Static Detection of Security Vulnerabilities in Scripting Languages

本文为Stanford大学2005年发表的文章追本溯源，这个Yichen Xie和Alex Aiken团队似乎是PHP安全静态分析比较早的，那个时候，台大的Huang等的WebSSARI应该出来了； Livshits等的Pixy也在构建中。这一篇理论性的东西比较多，都是在构建数学模型，有借鉴意义。再拿来总结一下。

本文提出的是一个PHP安全漏洞的静态分析算法，他们提出了一种三层架构从块内，过程内，过程间三个级别进行静态分析。尝试解决脚本语言独有的一些的动态特性，如动态类型，代码包含。

贡献

提出了一个对于PHP的过程间静态分析算法。尝试解决一些动态语言特有的挑战，如：动态代码加载，动态变量类型转化， pervasive use of hash tables and regular expression matching.

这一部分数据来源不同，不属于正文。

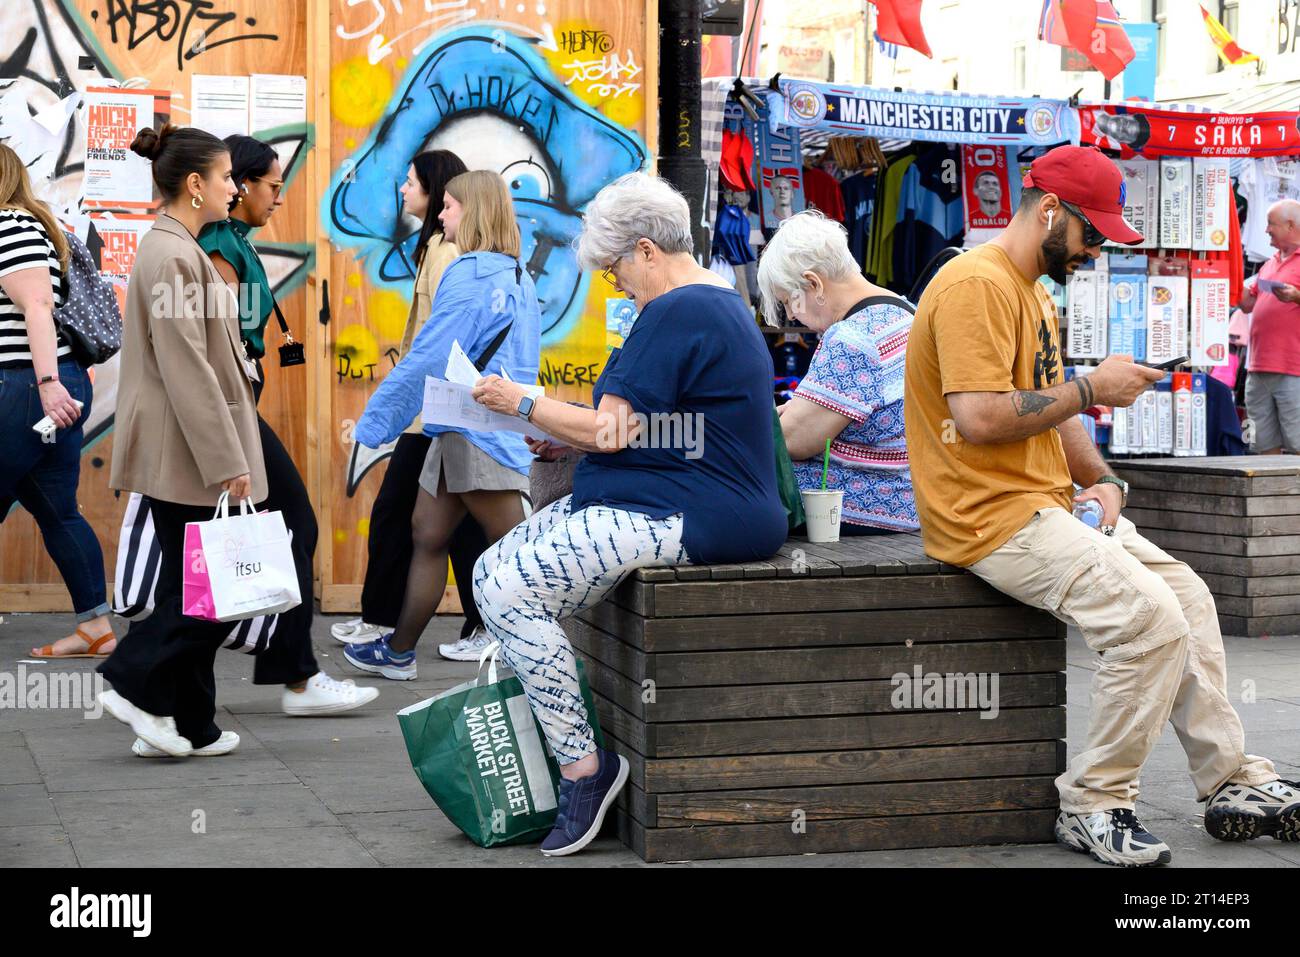 London,UK. Camden Town - people sitting in Camden High Street, looking at a map / mobile phone Stock Photo
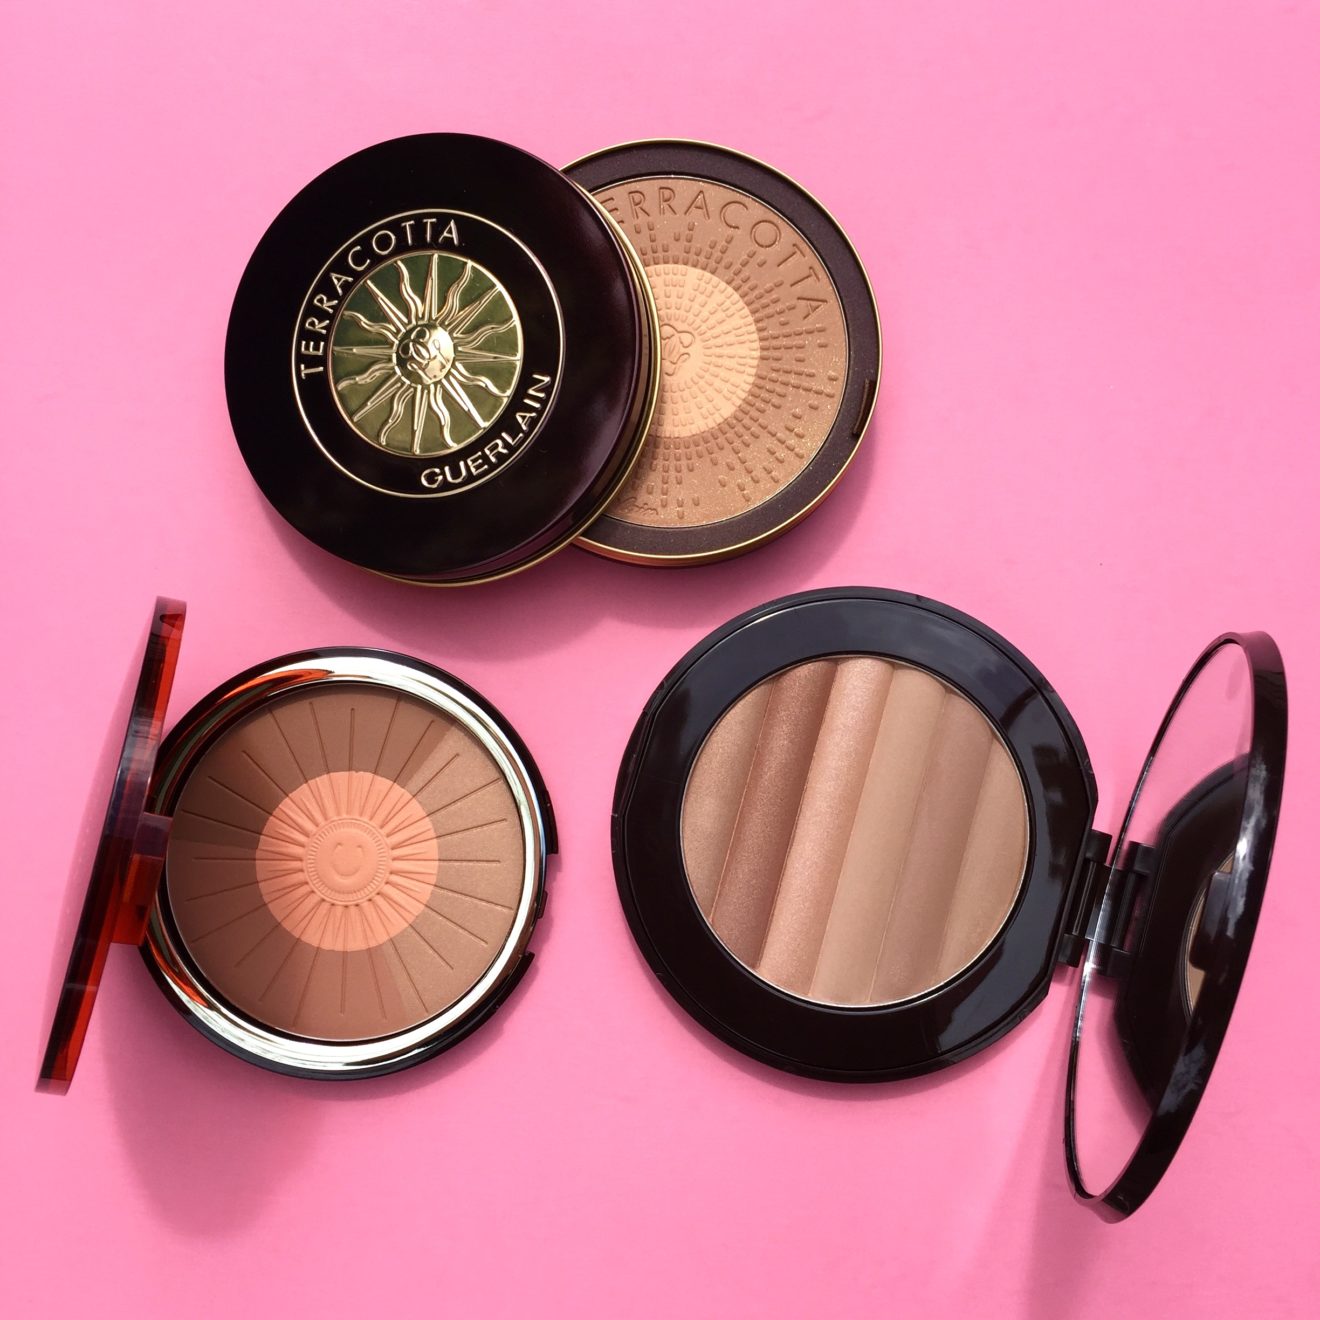 Bronze, Blush, Contour & Highlight All In One: Guerlain, Clarins & PUR Minerals

如上所说，本文的核心方法时提出了一种三层结构，利用隔离处理，想上传播的思想。在intrablock, intraprocedural, and interprocedual三个level上做文章。如在每个BB（basic block）中，作者尝试利用符号执行去model动态特征(dynamic features)，然后将结果生成block summaries, 这些summaries供上层分析使用，从而帮助我们hidden了下层内部的复杂结构。
本文使用上述静态分析方法寻找SQL注入，但是we believe that, with small modifications, the same techniques can be applied to detecting other vulnerabilities such as XSS and code injection in web applications.
本文experimentally validate our approach by implementing the analysisi algorithm and running it on 6 popular web application written in PHP. 找到了105个0day.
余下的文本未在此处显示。